One might think that this increased emphasis on practical skills at the expense of the qualities so dear to the liberal arts would be good for employers and American industry, but that is not the case at all, for all the reasons suggested by the examples I have chosen above. The question is, what should we do about it?

Though there are some colleges—including some very good ones—still devoted to the liberal arts, and although it is still possible to get a good liberal arts education in the colleges of a few universities, the game is over for the vast majority of institutions, which long ago gave up any ambition to define what it means to be an educated person in the 21st century and are happy to provide a smorgasbord of specialty training programs for the students who are all too eager to take advantage of them.
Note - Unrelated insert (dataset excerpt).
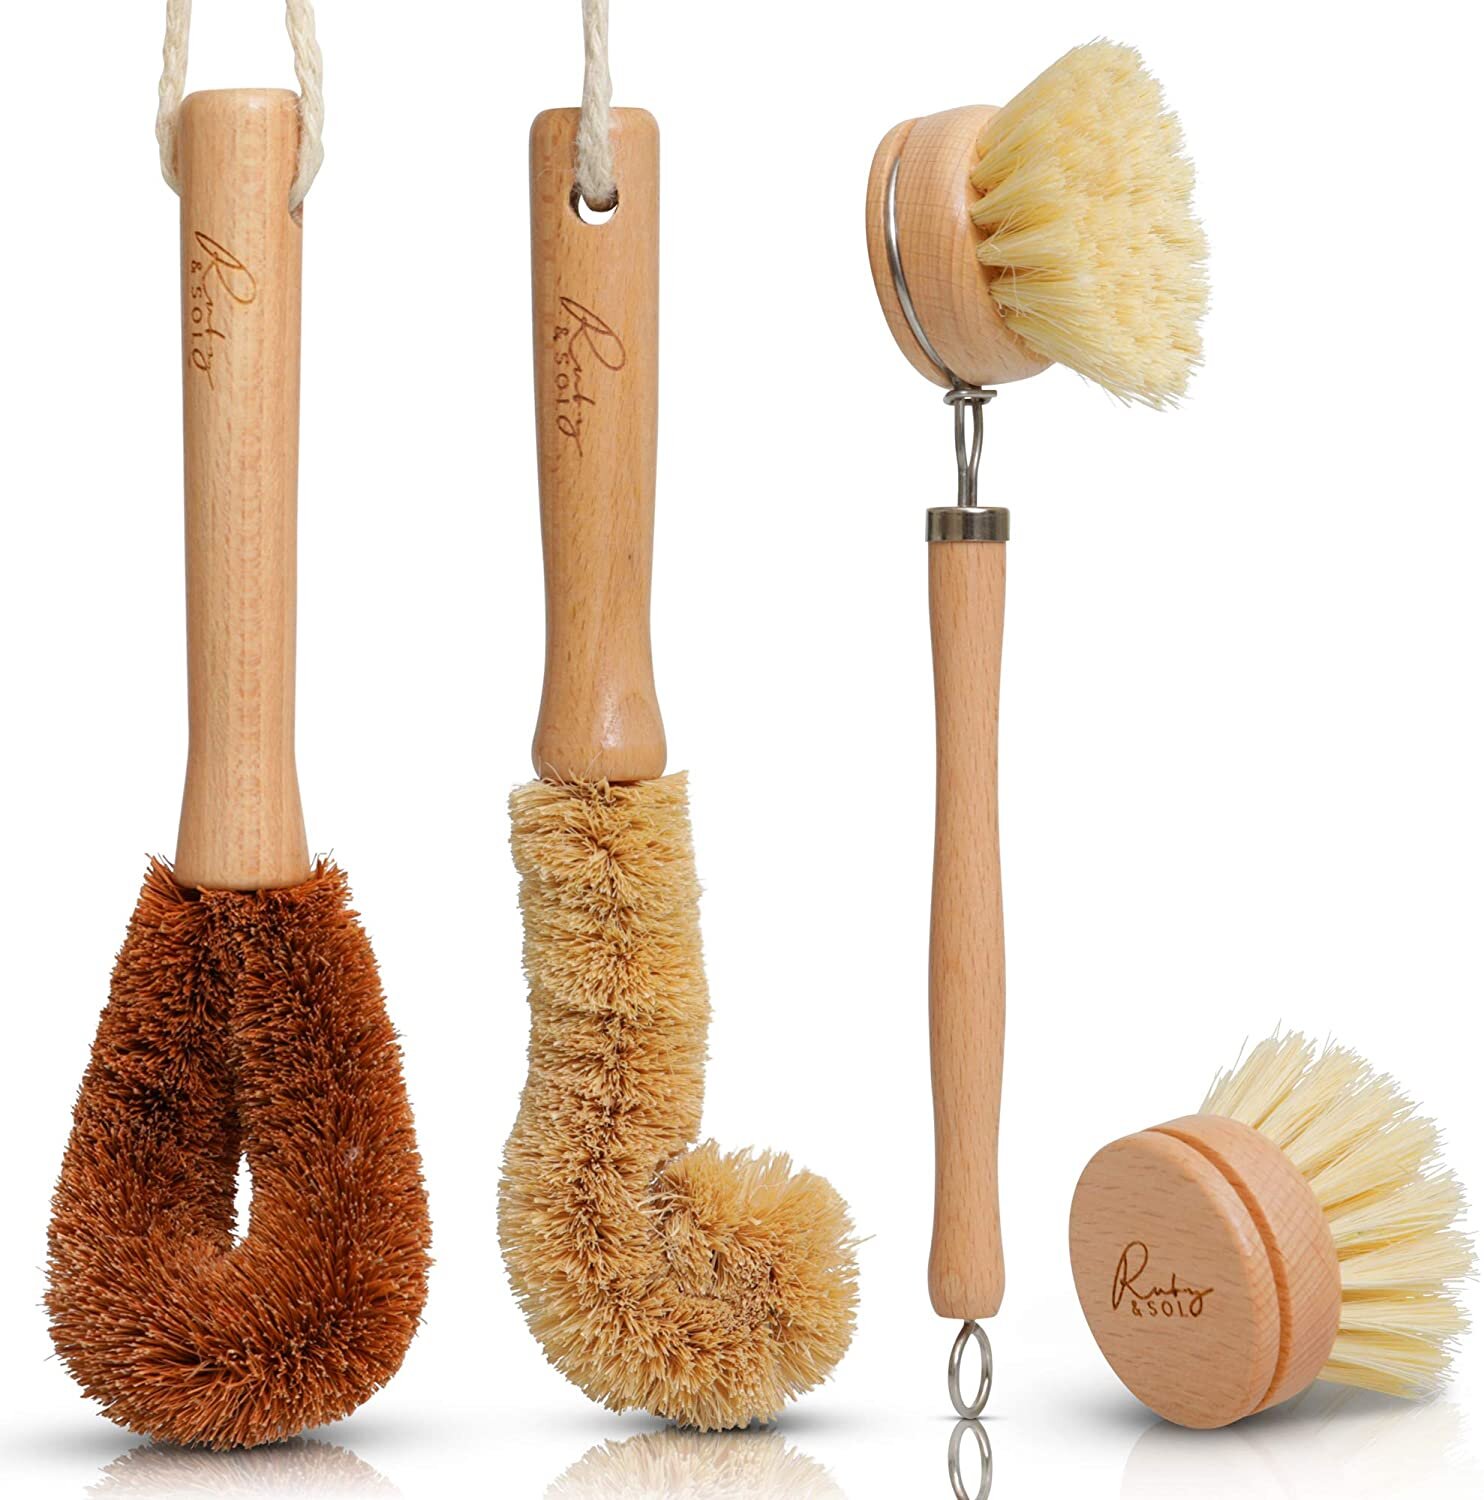 Natural wood cleaning brush set

It would make more sense to me to reconceive the last two years of high school as serving the same purpose that we used to allocate to the first two years of college: providing a solid base of knowledge and skill that can be used throughout one’s life, no matter what path that life takes over the years. The International Baccalaureate is a very good example of what a curriculum of that sort might look like. So is the Advanced Placement International Diploma program of the College Board, as is the international “A” level program of the University of Cambridge. The fact that these are diploma programs is very important. They specify a set of courses, usually with some limited options, that constitute a coherent, powerful program of studies, which, taken together, provide a very solid base for a lifetime of learning.

Perhaps the liberal arts curriculum is not dead, just looking for a new home.